The AI market is rapidly growing, with chip developers creating products to fulfill both training and logic output needs. Training chips are designed to run at full capacity, while logic output chips must be more versatile and optimized for power efficiency. To make the most of these chips, software is essential, and with hundreds of frameworks available, it can be difficult to create a chip that is optimized for them all. Nvidia GPUs are currently the default solution for training chips, although AMD and other startups have attempted to create learning chips with limited success. Furthermore, hyperscalers such as Google and AWS have developed their own proprietary training chips, with the latter’s Trainium proving to be a modest success. Ultimately, most people in the market for educational PCs will likely choose to build their models on Nvidia GPUs.
AI the chips perform two functions. AI creators first take a large (or really massive) data set and run complex software to find patterns in that data. These patterns are expressed as a pattern, so we have chips that “train” the system to generate a pattern.
This model is then used to make a prediction based on a new piece of data, and the model infers a likely outcome based on that data. Here, logic output chips process new data compared to an already trained model. These two goals are very different.
Training chips are designed to run at full capacity, sometimes for several weeks, until the model is complete. Therefore, training chips are usually large, “heavy iron”.
Logic output chips are more diverse, some are used in data centers, others are used at the “periphery” in devices such as smartphones and camcorders. These chips tend to be more versatile and are designed to optimize various aspects, such as power efficiency at the periphery. And, of course, any intermediate options. The fact is that there are big differences between “AI chips”.
For chip developers, these are completely different products, but, as with all semiconductor devices, the most important thing is the software that runs on them. In this light, the situation is much simpler, but also dizzyingly complex.
Simple, because logic output chips usually just need to execute models derived from training chips (yes, we’re simplifying). Complex because the software running on training chips is very varied. And this is very important. Currently, hundreds and possibly thousands of frameworks are used to train models. There are some incredibly good open source libraries out there, but many large AI companies/hyperscalers are creating their own.
Because the field of learning software frameworks is so fragmented, it is almost impossible to create a chip optimized for them. As we noted earlier, small software changes can effectively negate the benefits provided by dedicated chips. Also, people using educational software want that software to be as optimized as possible for the silicon it runs on. The programmers working with this software probably don’t want to mess with the intricacies of each chip, their lives are hard enough to create these training systems. They don’t want to learn low-level code for just one chip, then re-learn hacks and shortcuts for a new one. Even if this new chip offers 20% better performance, the difficulty of re-optimizing the code and learning the new chip makes this advantage moot.

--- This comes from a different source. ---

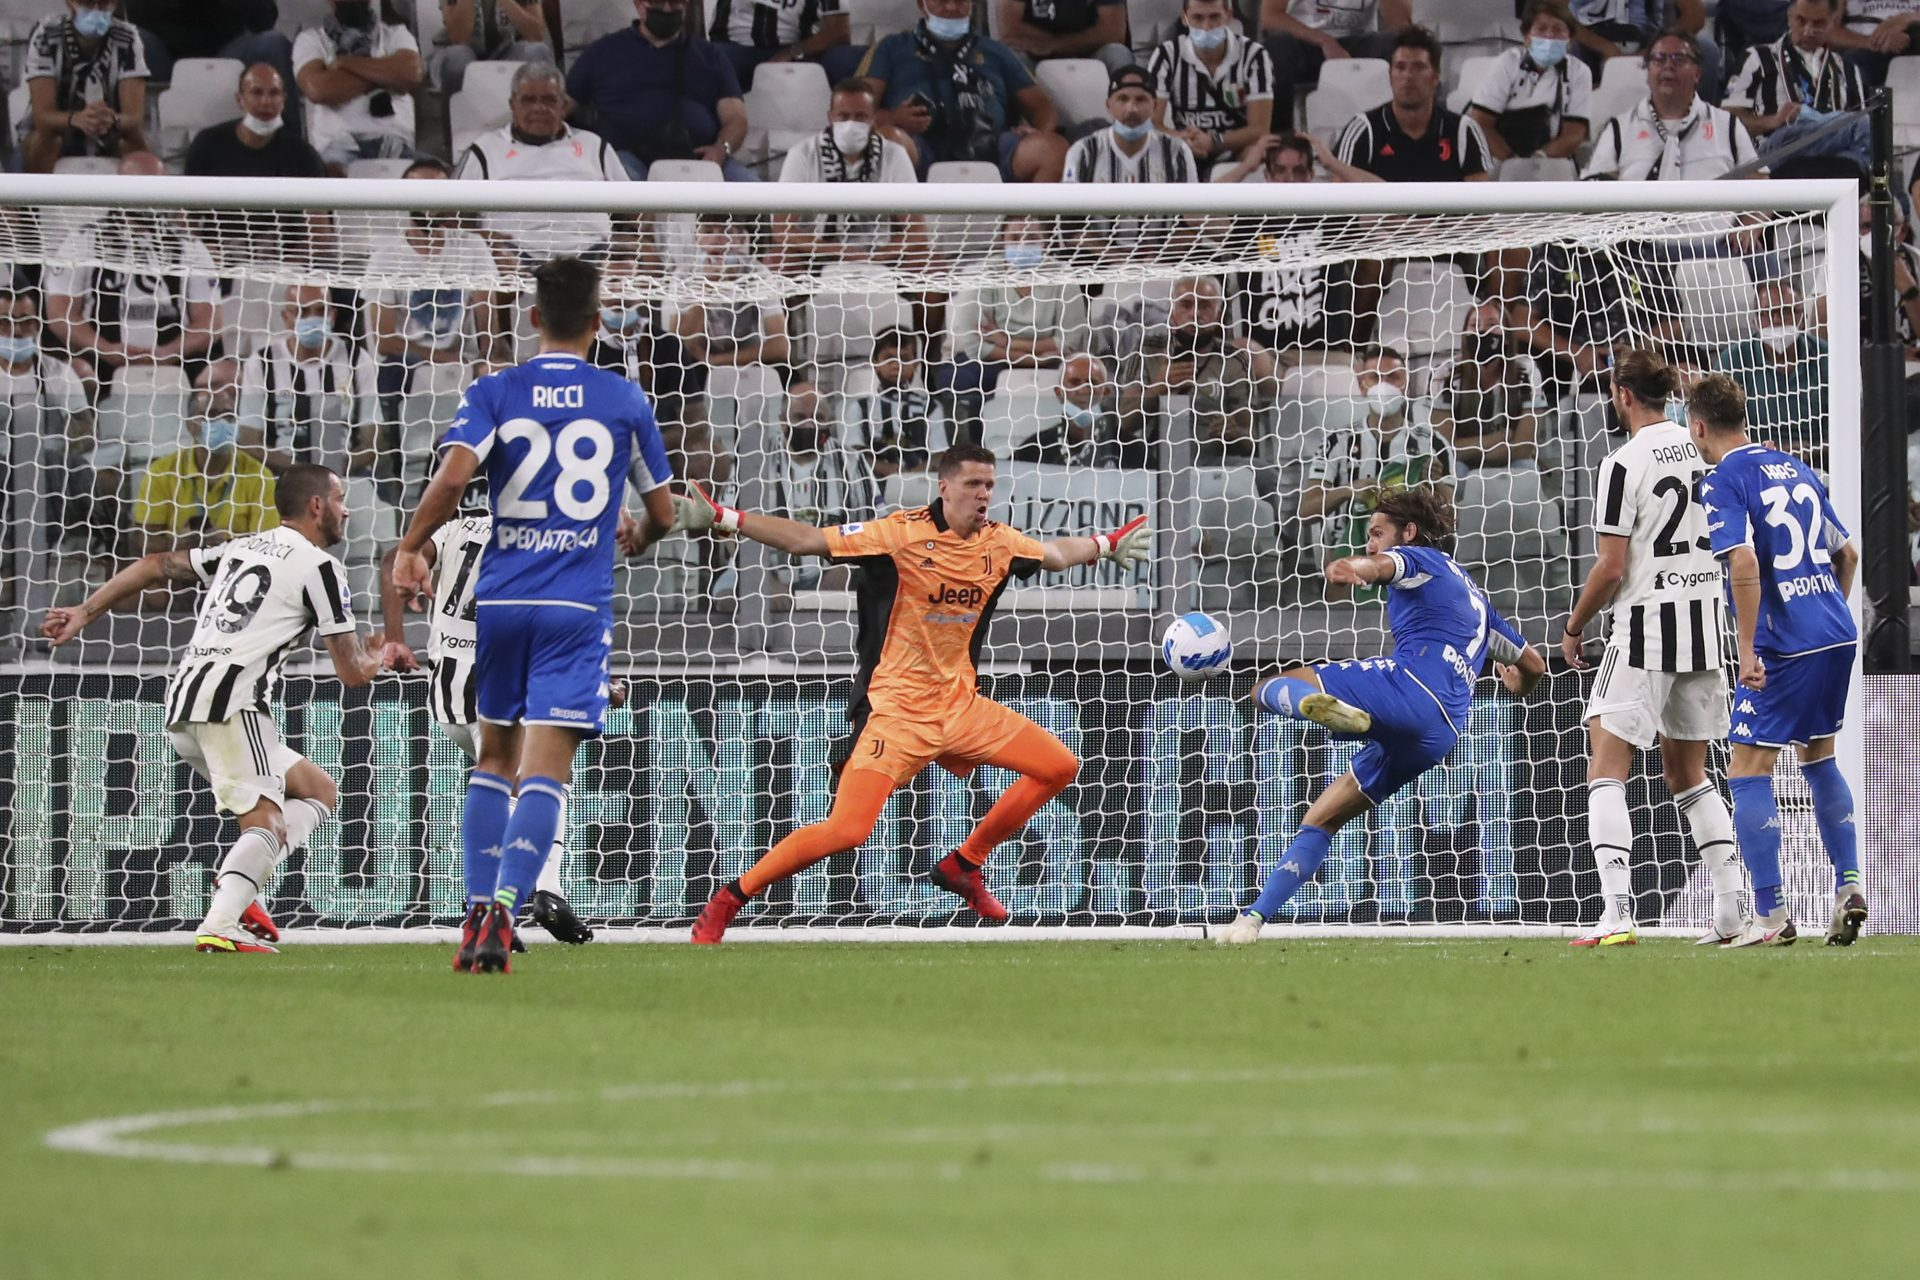 Leonardo Mancuso of Empoli scores the only goal to start Juventus' season off with a home defeat. Credit: Giuseppe Cottini/NurPhoto/Getty

This brings us to CUDA, low-level programming environment for Nvidia chips. By now, any software engineer working on learning systems probably knows a little about using CUDA. CUDA isn’t perfect, it’s not elegant, and it’s not particularly simple, but it’s familiar. Huge fortunes are built on such quirks. Because the training software environment is already so diverse and rapidly changing, Nvidia GPUs are the default solution for training chips.
The market for all these AI chips is now worth several billion dollars and, according to forecasts, will grow at 30-40% per year for the foreseeable future. According to a McKinsey study (perhaps not the most authoritative source), the AI chip market for data centers will be between $13 billion and $15 billion by 2025 — by comparison, the overall processor market is now around $75 billion.
Of these, $15 billion AI market, about two-thirds are for inference and one-third for learning. So it’s a significant market. One downside to all of this is that the training chips cost $1000 or even $10,000 and the logic output chips cost $100+, meaning that the total number of training chips is only a small fraction of the total. approximately 10%-20% units.
In the long term, this will be important for market formation. Nvidia will have a large learning curve that it can use to fight for the inference market, just as Intel once used PC processors to fill its factories and data center processors to maximize its profits.
To be clear, Nvidia is not the only player in this market. AMD also makes GPUs, but has never developed an effective (or at least widespread) alternative to CUDA. They have a relatively small market share in AI GPUs and we don’t expect that to change anytime soon.
There are a number of startups that have tried to create learning chips, but they have mostly run into the software problem described above. And for what it’s worth, AWS has also implemented its own proprietary training chip called Trainium. Judging from what we can tell has been a modest success, AWS has no clear advantages here other than its own internal (huge) workloads. However, we understand that they are moving forward with the next generation of Trainium, so they should be happy with the results for now.
Some other hyperscalers can also build their own training chips, esp google, which will soon have new TPU variants specially customized for training. And that’s the market. Simply put, we think most people in the market for educational PCs will want to build their models on Nvidia GPUs.